• Exercise details:
Without the pictures, give the listing below again exactly.

• Dataset extract:

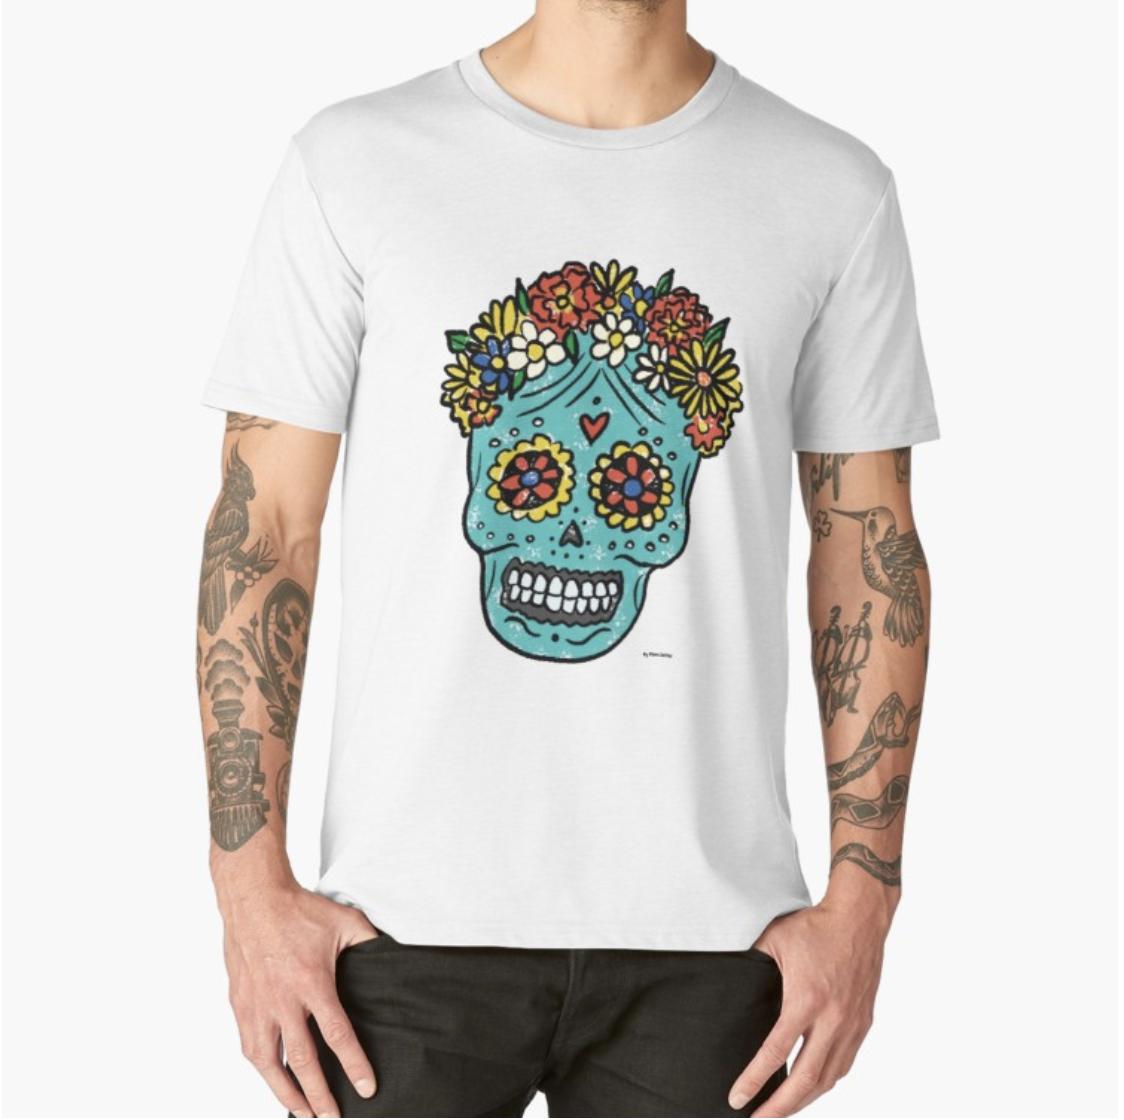 Sugar Skull - t-shirt
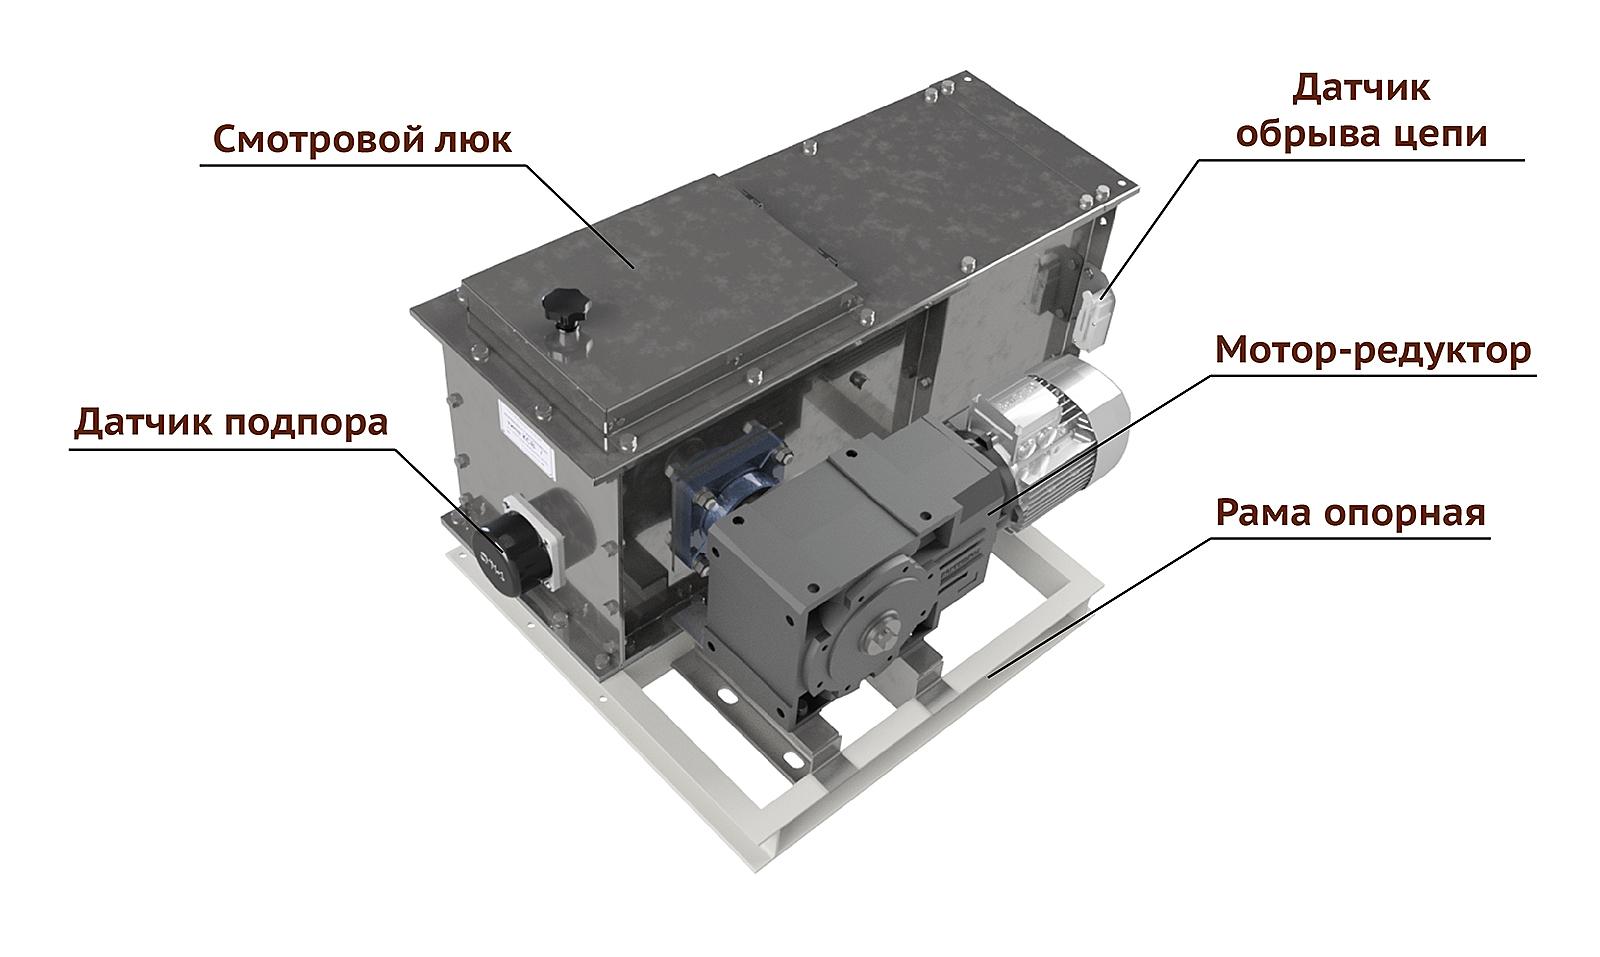 Редуктор транспортера цепного какой расход топлива у транспортера дизель
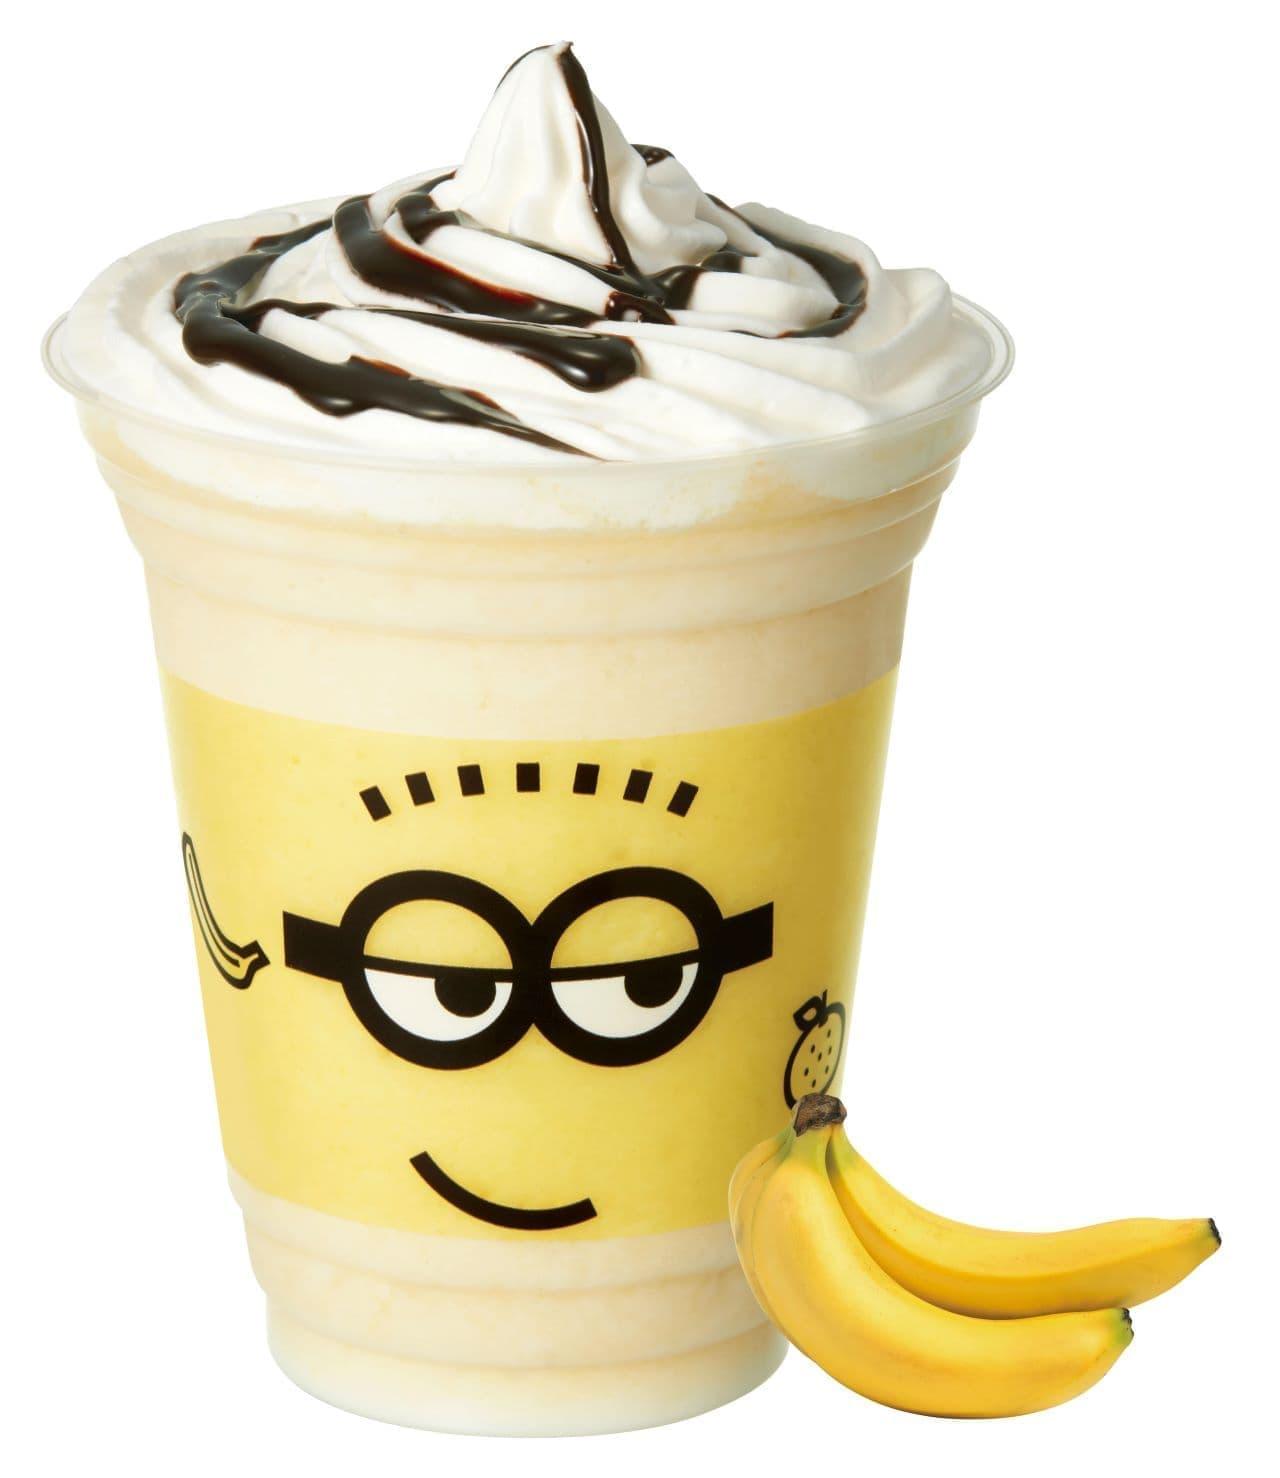 KKD×ミニオン「クリスピー フローズン バナナミルク ミニオン」

• Task response:
 Sugar Skull - t-shirt
 Редуктор транспортера цепного какой расход топлива у транспортера дизель
 KKD×ミニオン「クリスピー フローズン バナナミルク ミニオン」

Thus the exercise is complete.